── Dataset records ──

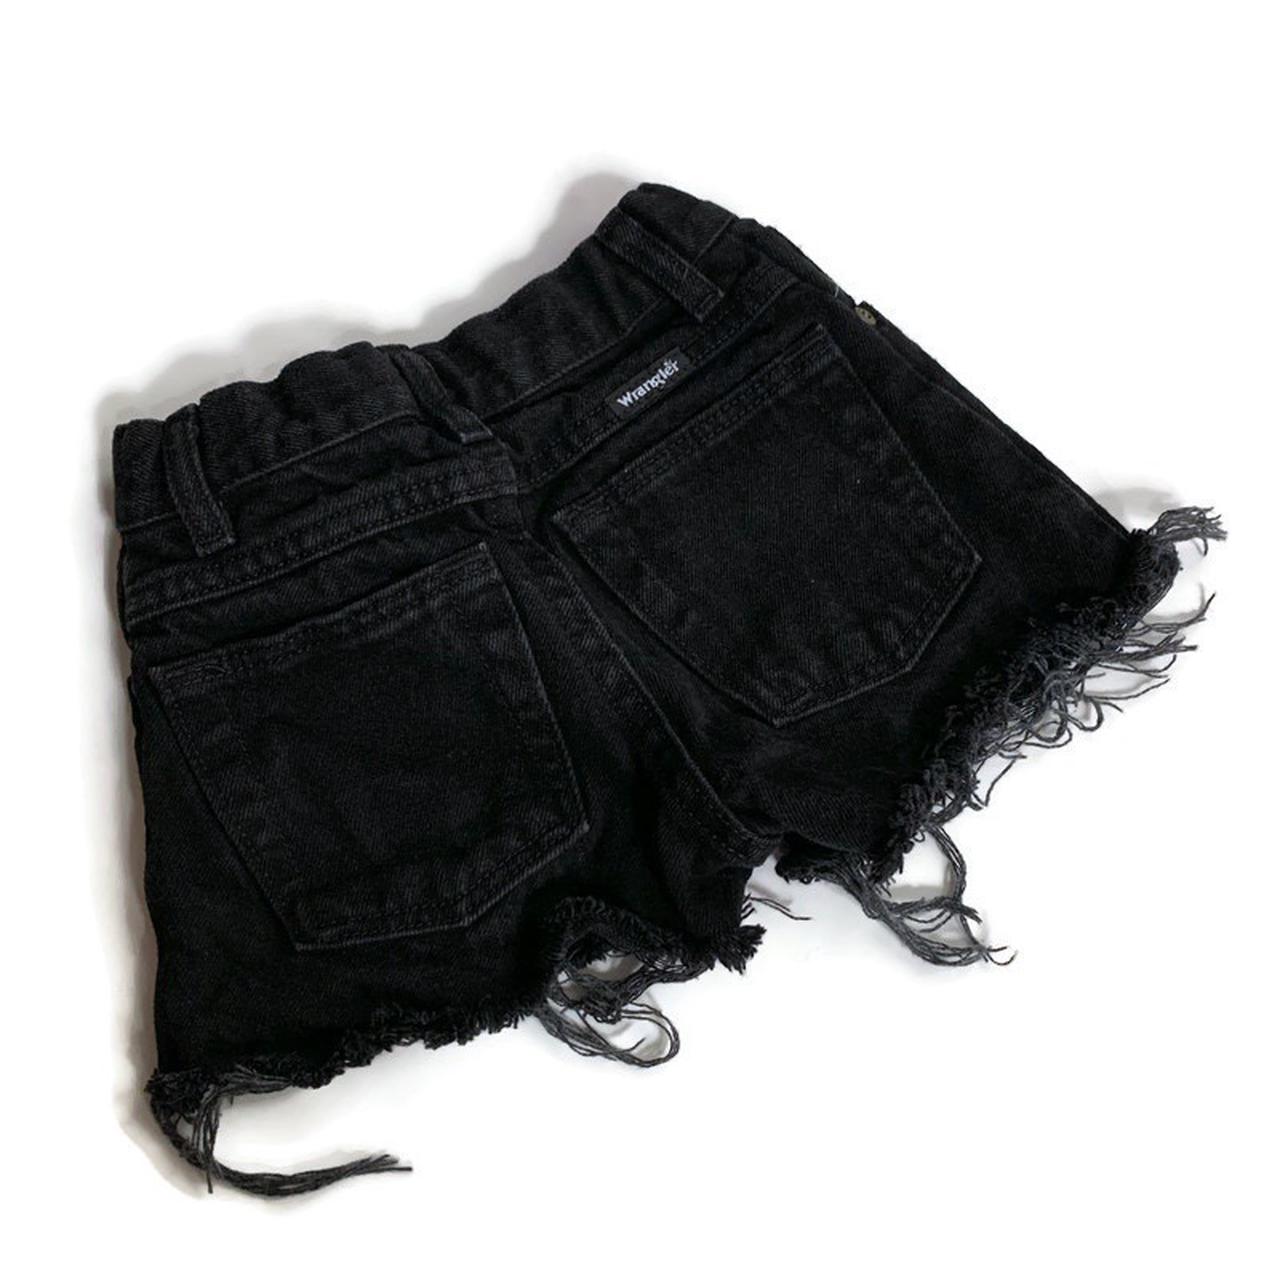 Wrangler Women's Black Shorts
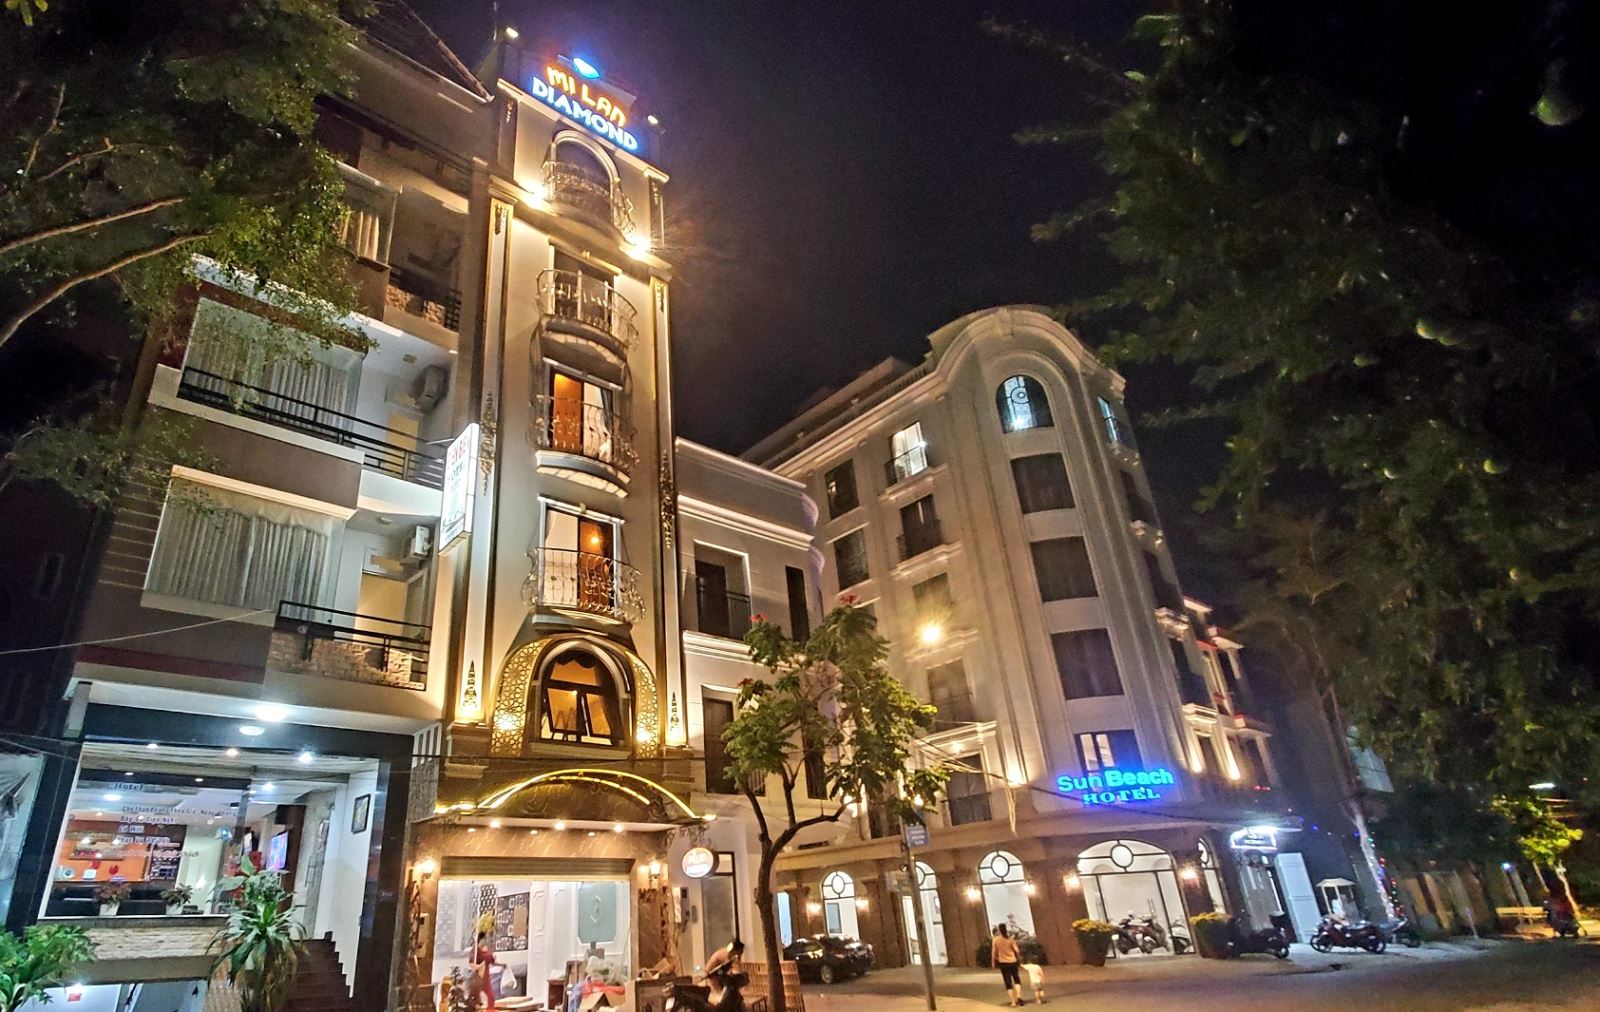 Mi Lan Diamond Hotel
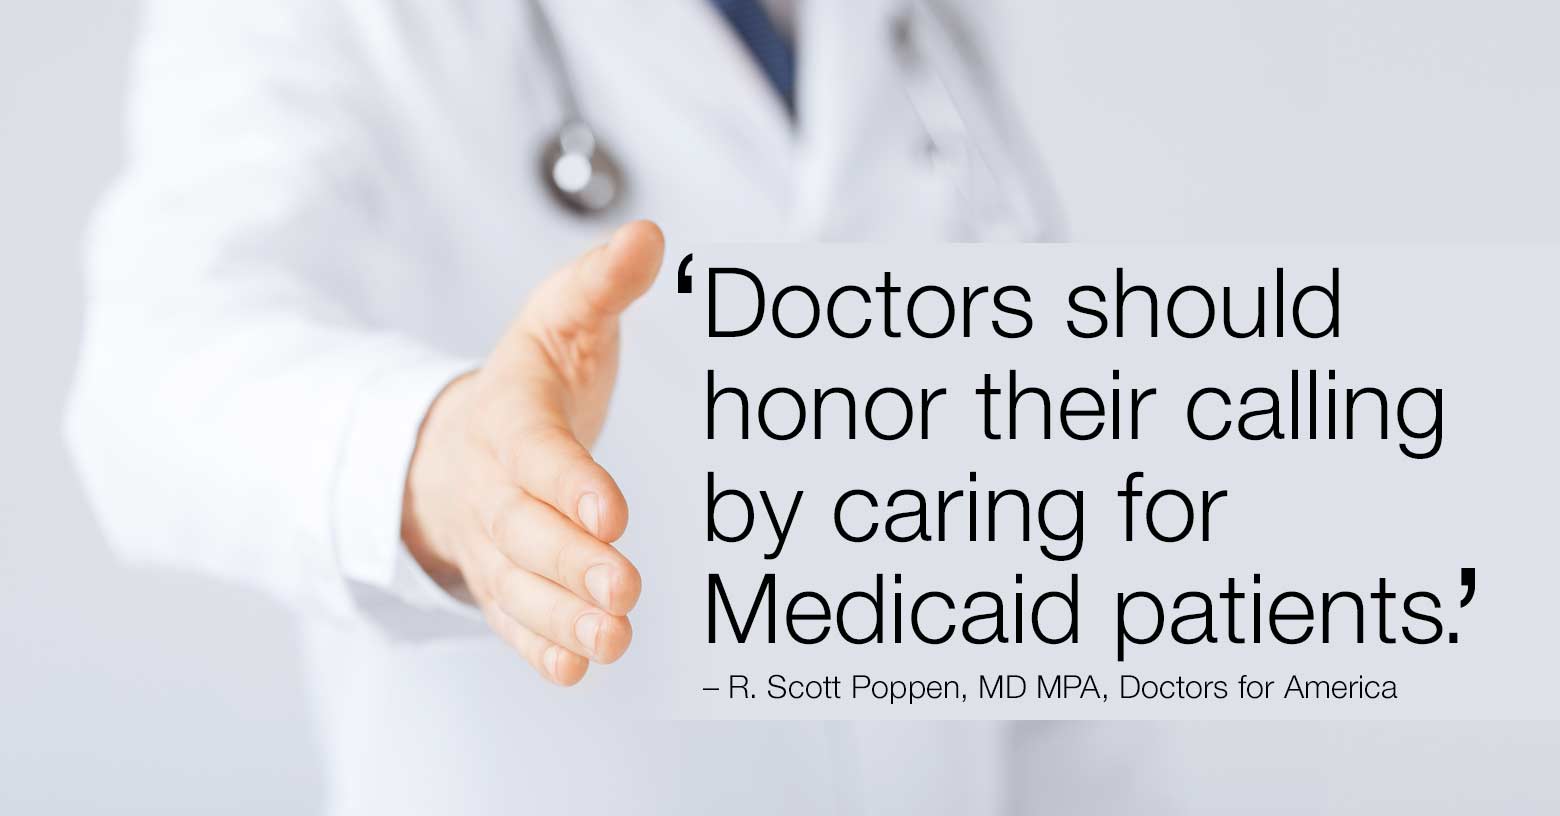 Medicaid patients deserve care.
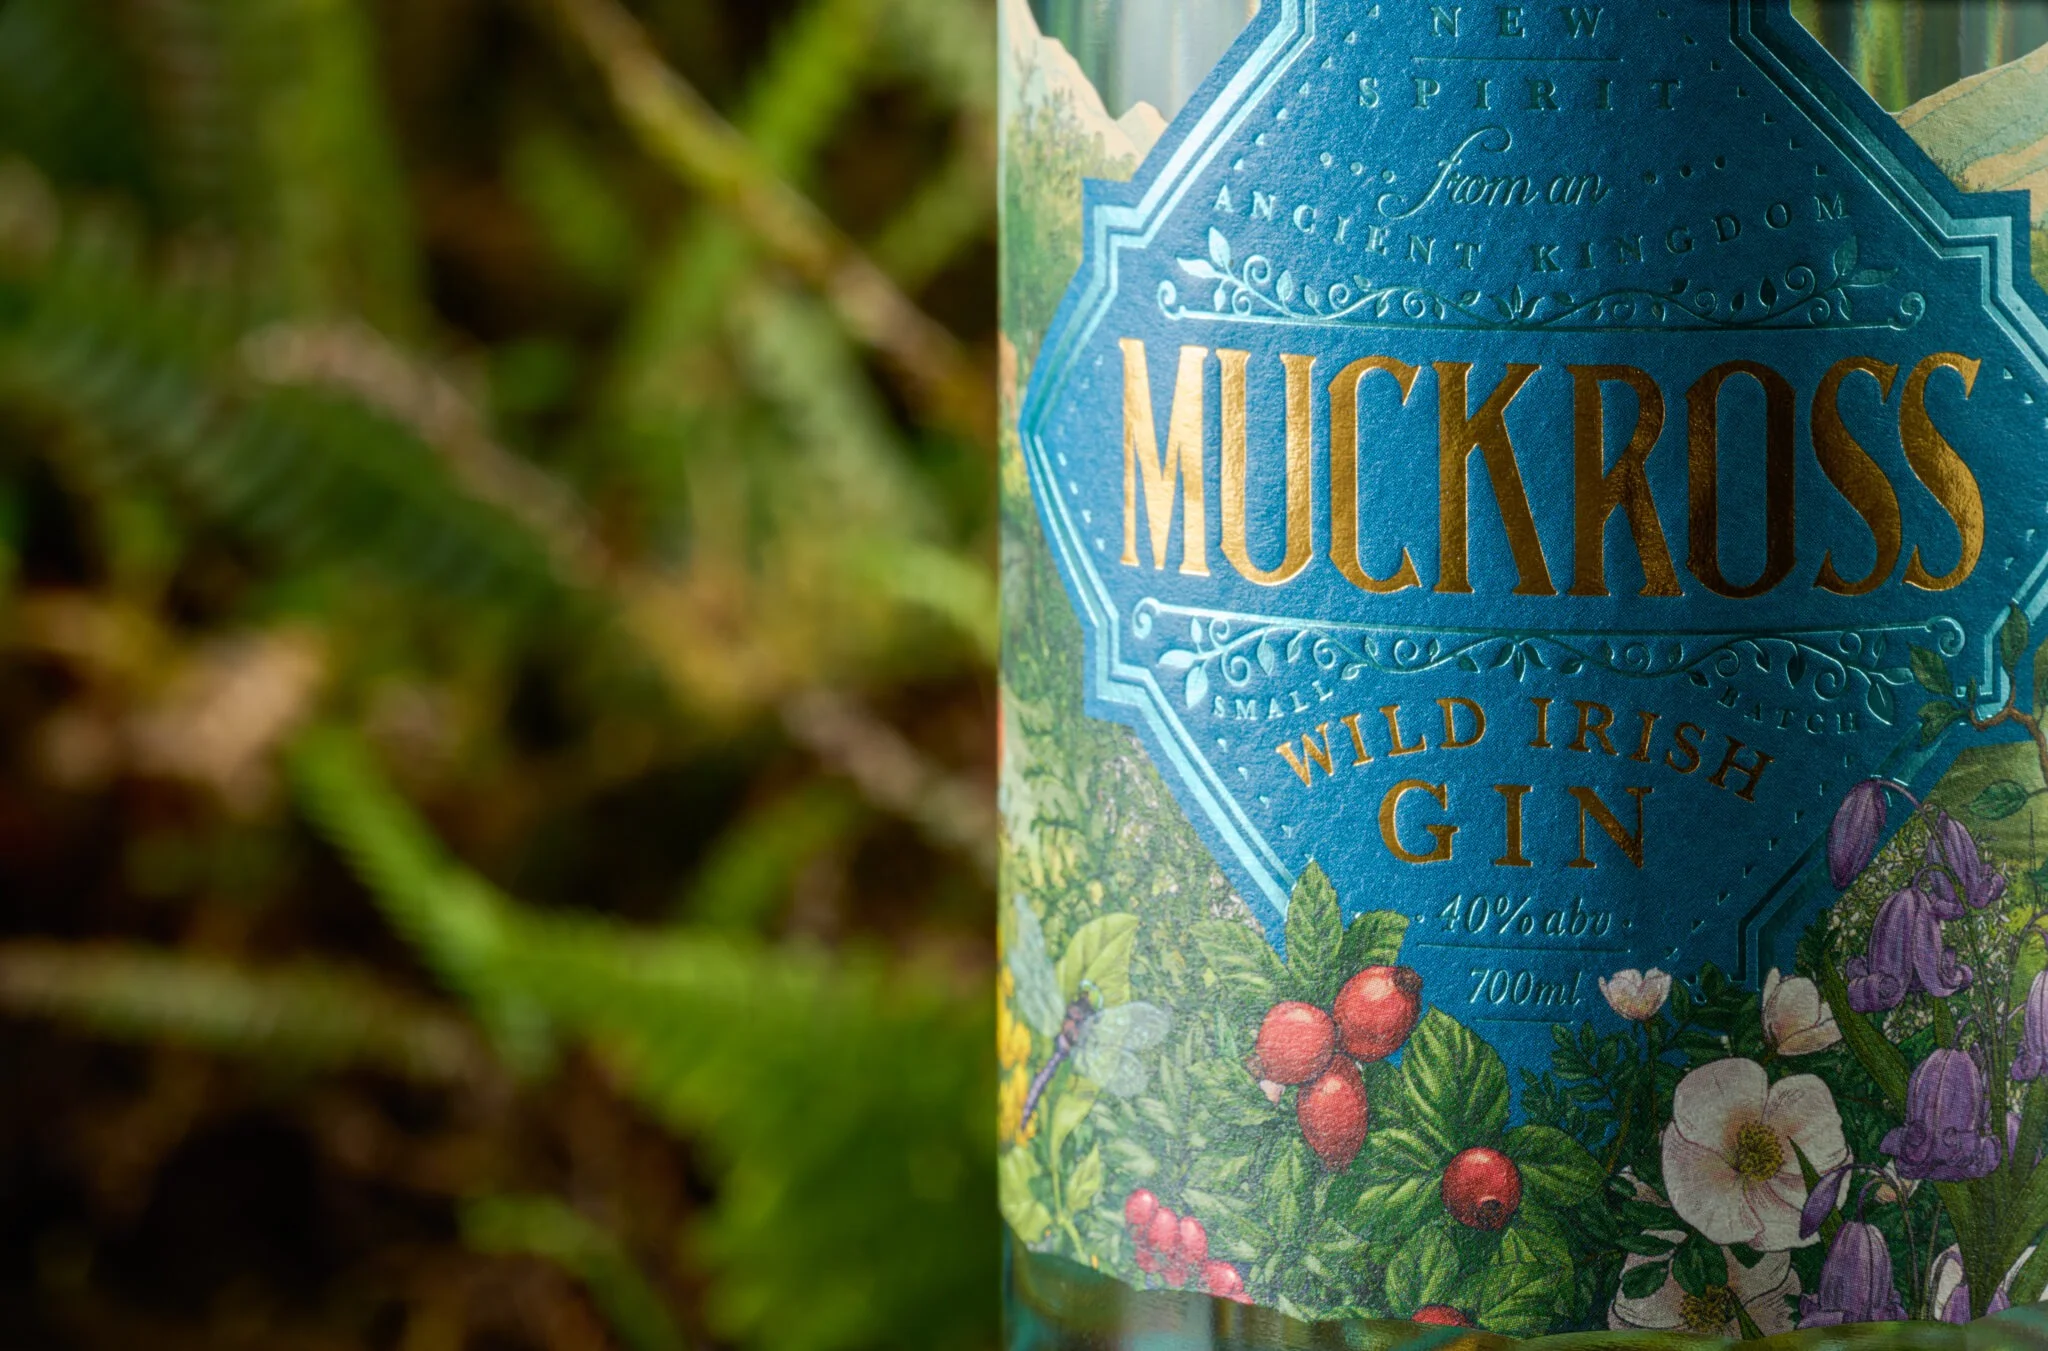 Muckross Wild Irish Gin Label
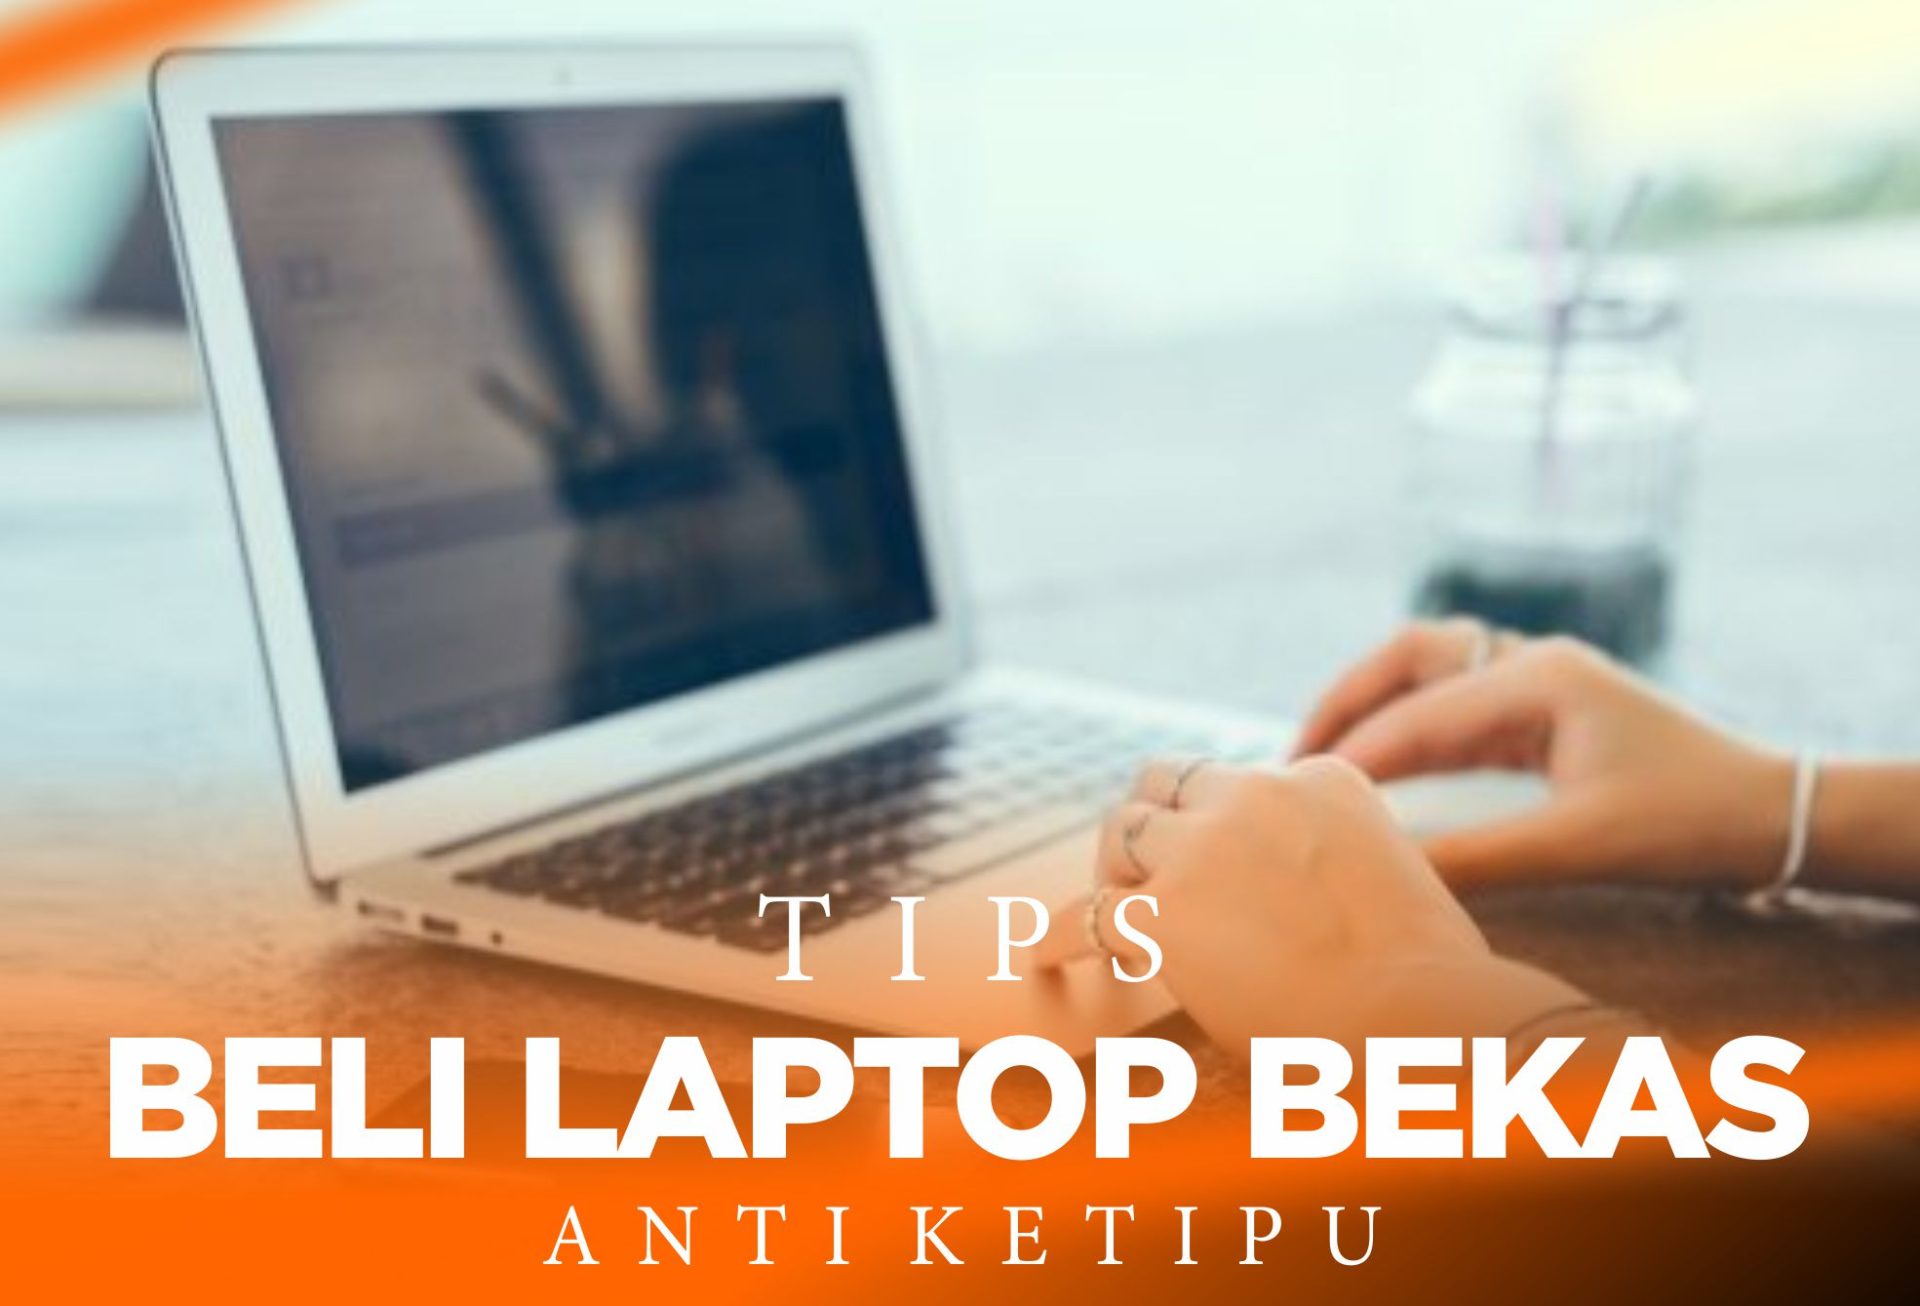 Tips beli laptop bekas

───

### Task objective
Reproduce only the lines between the line with "Mi Lan Diamond Hotel" and the final line of the records, both included, so that the copy matches them exactly and contains no pictures.

### Solution to this exercise
 Mi Lan Diamond Hotel
 Medicaid patients deserve care.
 Muckross Wild Irish Gin Label
 Tips beli laptop bekas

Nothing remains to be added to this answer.